Plus j’écris et plus est le
constat de l’absence de mon Père qui était
pourtant bien présent au foyer aux heures du
dîner mais dont le temps était partagé entre
son emploi et sa passion pour la pêche (il
est étrange que le poisson me dégoûte …)
Je
garde de lui l’image d’un Homme
gentil, droit et honnête mais absent de son
véritable rôle de père.
En ce qui concerne ma mère, j’ai la
conviction qu’elle n’a fait que subir sa vie
de part ses nombreuses grossesses.
Analphabètes malgré son intelligence, les
circonstances ont fait que son existence a
été semblable à de « l’esclavagisme
normalisé » car consenti par les uses et
coutumes de ses origines.
Je ne
veux garder dans mes pensées que les rares
moments où fourrer dans ses jupes elle
m’accordait attention et câlins que lui
autorisait son planning de femme au foyer,
passant à la trappe les moments d’hystérie
ou de névrose dont je fus bien souvent
spectateur.
Vint le temps de la maternelle vécut comme
un véritable déchirement qui ne prendra fin
qu’avec mon entrée à l’école primaire pour
laisser place à phobie scolaire et isolement
dans la cours de récréation.
Vers 8 ans
mon alimentation s’inverse, du « tout vomi »
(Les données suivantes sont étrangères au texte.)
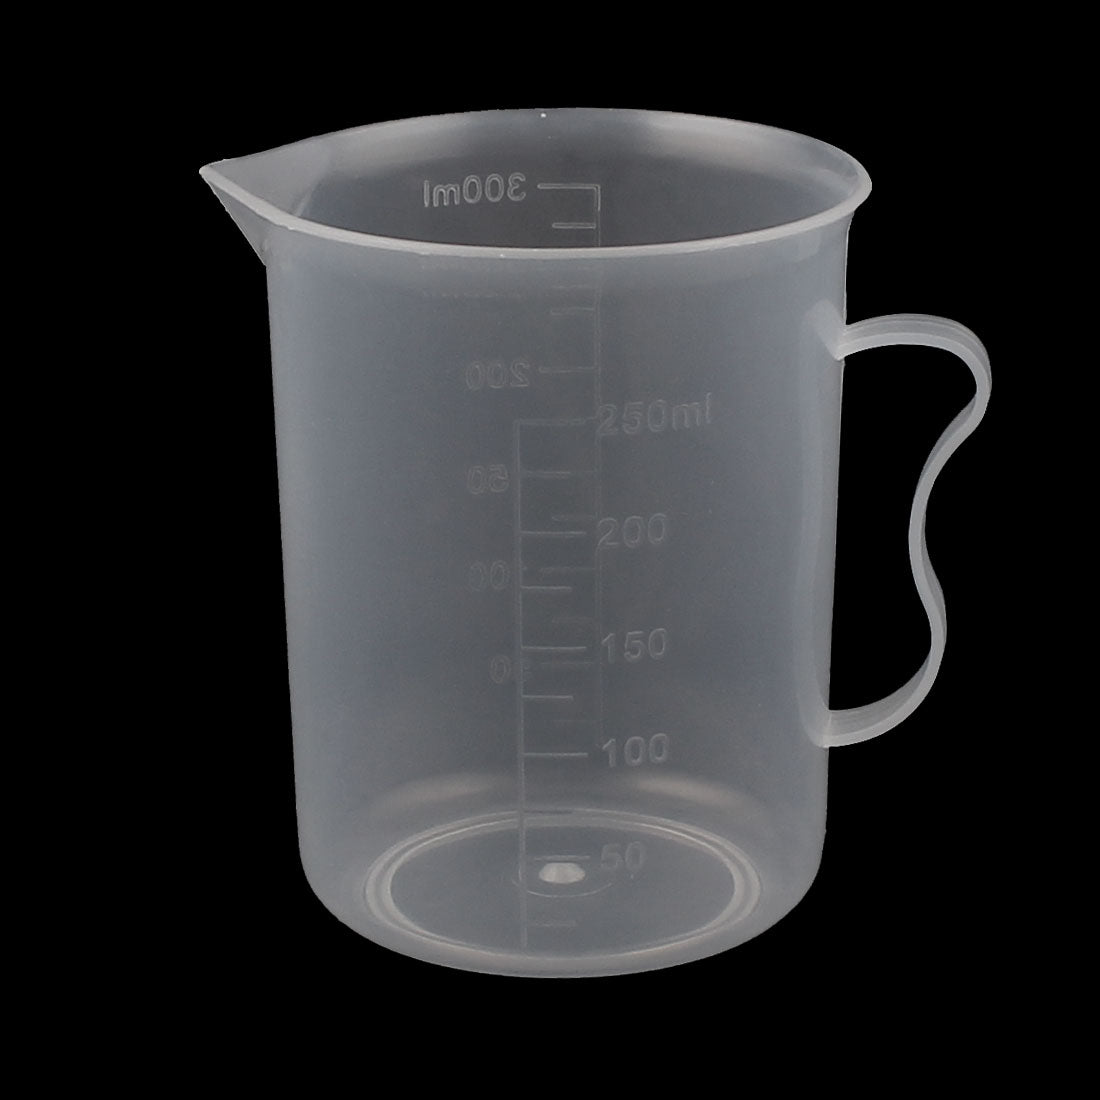 uxcell Uxcell 250ml Clear Plastic Measuring Cup With Handle Beaker Laboratory Set 3 Pcs

je passe à « tout pour stoker » avec la
notion de plaisir du goût et du « toujours
plus » quitte à convoiter l’assiette du
voisin.
C’est à
cette période que ma mère m’avoue avoir tout
fait pour avorter car ma naissance n’était
pas souhaitée et que malgré la prise
importante de comprimés de quinine la vie a
été plus forte que le désir de mort.
A sa
confession, j’ai pardonné …enfin je croyais
…car depuis la notion du Pardon est devenue
bien différente pour moi surtout après trois
années de séances chez le psy.
Mon
poids s’envole et le corps devient source de
problèmes tant physiques que psychologiques.
La
souffrance de l’obésité commence son
« grignotage » de l’être qui reste en
devenir.
1er
tentative de régime hypocalorique à 10 ans.
On
m‘envoi à cet effet dans un pseudo centre
médicalisé sous forme de colonie de vacances
qui ne se révélera en fait qu’une espèce de
garderie pour gosses à problèmes (quelque
qu’il soit car toute pathologie légère est
acceptée)
Je vie
ces 60 jours comme une réelle
séquestration,de plus aucune alimentation
particulière n’est prévue pour mon régime et
je me retrouve avec charcuteries,pâtes en
sauce,frites etc.…
Bien
sur je continu a grossir et on me
culpabilise en rapportant que je ne fait
aucun effort à mes parents.
Cet épisode va me
devoir une entrée tardive au collège (plus
de 3 semaines après la « rentrée ») avec des
conséquences irrémédiables sur ma scolarité.
Premier
complexe avec les filles, première envie de
flirt, ma phobie scolaire disparaît mais
laisse place à un « je m’en foutisme » pour
tout ce qui touche l’enseignement.
Une
bande de copain se forme et mon surpoids ne
m’empêche pas de faire les 400 coups.
Une
seule chose me tarde : « Grandir et devenir
Adulte »
Les
kilos deviennent de plus en plus handicapant
à 12 ans,je suis GROS,plus de doute je suis
le gros lard,l’hippopotame,la grosse patate
tant dénigré par les mauvais mioches .Le
refus du miroir est né et la souffrance
s’est installée.
C’est
alors qu’une décision sous forme de caprice
est prise, je veux prendre des cours de
Musique et plus particulièrement d’orgue.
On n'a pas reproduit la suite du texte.